The lack of these important co-factors can produce major diseases that are often irreparable. The metabolic nutrition, therefore, is based not only on macro elements such as proteins, carbohydrates or lipids but most of all, they are based on the activators and regulators of metabolic functions. These components are always overlooked in everyday diet.
Let it be known that these components are present in all foods, and even water. We must remember that when we die, our bodies will turn to mineral salts.
Water is present throughout the body in varying proportions depending on the age of the individual and is essential for human life.
The human body cannot survive for long without water because it is as essential as oxygen.

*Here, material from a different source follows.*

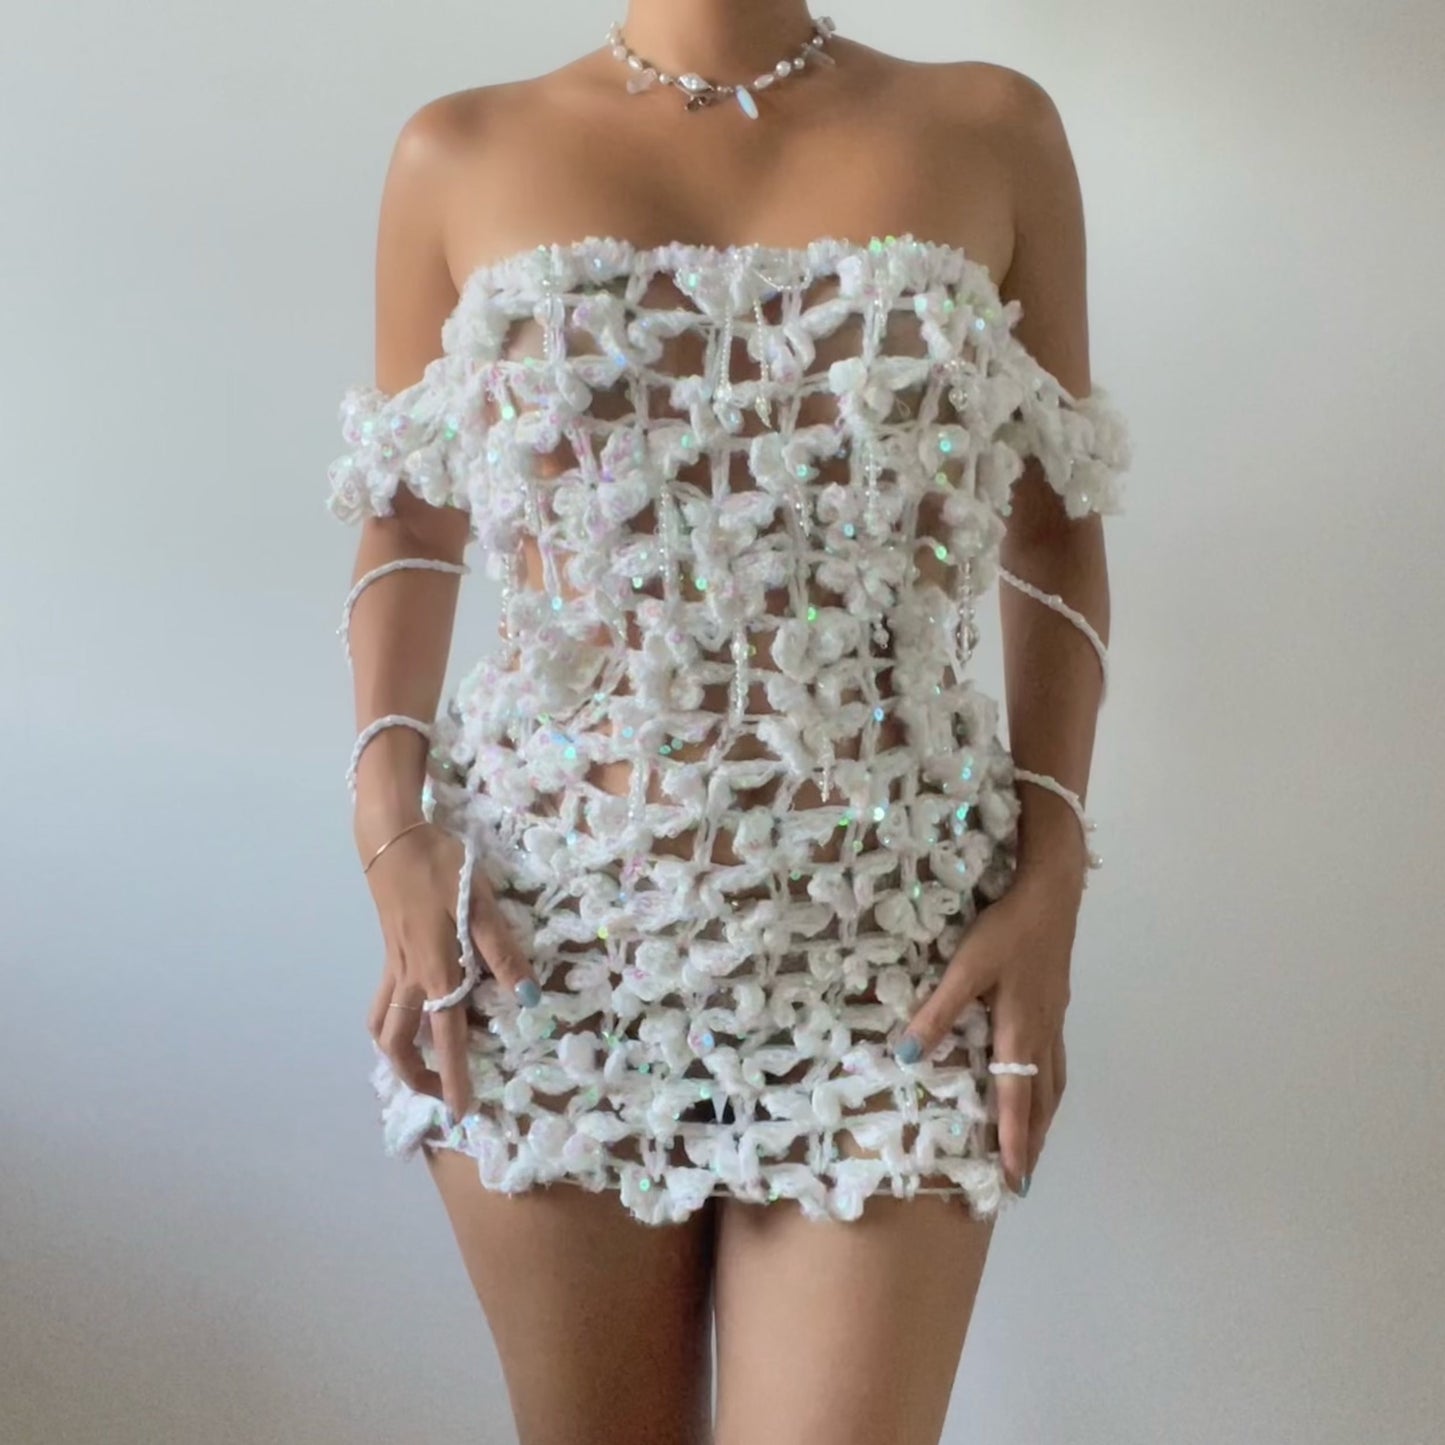 Butterfly dress - White
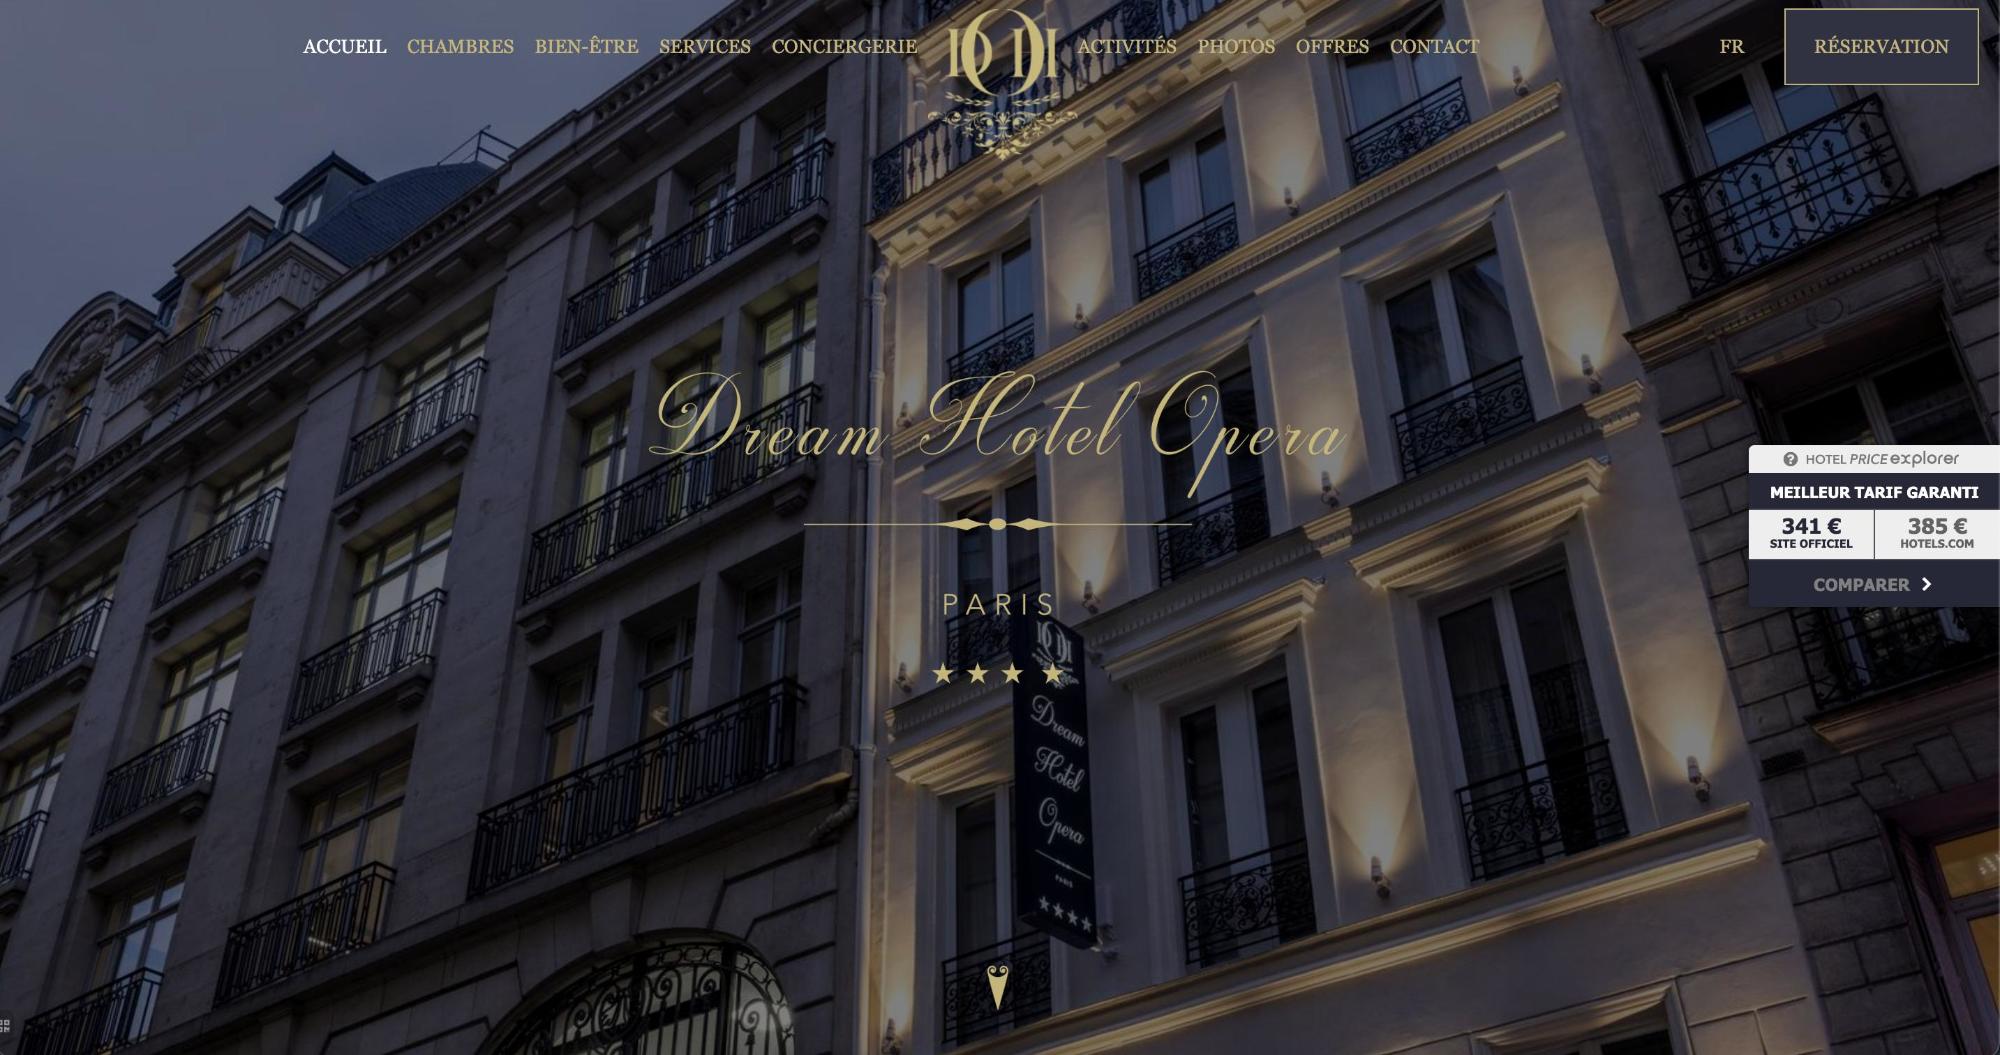 Agence MMCréation | Portfolio Dream Hotel Opera

Water is essential for the physiological processes and biochemical reactions within our body. It is the main element for the purification and, thanks to water, we eliminate metabolic waste.
It provides friction in the joints, keeps the skin elastic, regulates the body temperature, and plays a vital role in maintaining the pressure within our bodies.
Children are composed of 80% water. Adults are 70% water. The elderly are only 50% water.
We lose water every day. We need to compensate for the loss by drinking water every day.
The water balance of a healthy person is given by a simple calculation of multiplying your body weight by 0.03.
A person weighing 60 kg will have to drink 1.8 liters of water daily.
Let us remember, however, that our urine should be pale yellow in color.
If your urine is darker in color, you have to drink more water. If it’s clear like water, you need to readjust your intake. This kind of volume is only useful in cases of kidney stones.
Headaches may indicate a lack of hydration of the brain. Let us remember, however, that we also obtain water fro fruits, vegetables, and meat.
By taking it from fruits and vegetables, we also introduce “fiber” in our intestines. It’s a protective agent from toxic substances such as chemicals, dyes, and preservatives.
The fibers are divided into “soluble” and “insoluble.”
Soluble fibers reduce cholesterol, prevent diabetes, and do not provide calories. They do give a sense of satiety, however.
Soluble fibers are fermentable. They are the basis for the good development of intestinal flora thanks to the action of prebiotic fructooligosaccharides (FOS), such as inulin. They are mainly present in chicory, onion, artichokes, etc. They have a chelating action. Therefore, they interfere with the absorption of cholesterol and reduce sugar levels. However, they can cause constipation.
The insoluble fibers (not-fermentable) regularize the intestinal transit.
But we should not exaggerate the introduction of fiber to avoid creating nutritional deficiencies at the expense of Trace Elements and Minerals due to the presence of the phytic acid which hinders the absorption of Calcium, Iron, Zinc, and Selenium.
The fibers must also be of biological origin because if we introduce whole aliments, fiber is found in the outer part of the grain and may, therefore, contain harmful pollutants due to the chemicals used in agriculture.
Fiber intake should not exceed 30 g daily.
The enzymes are very important in the composition of aliments or can be produced by the body. They are critical because they catalyze and regulate all biochemical reactions in the body.
They are produced from DNA and their characteristic is to hasten or enhance chemical reactions.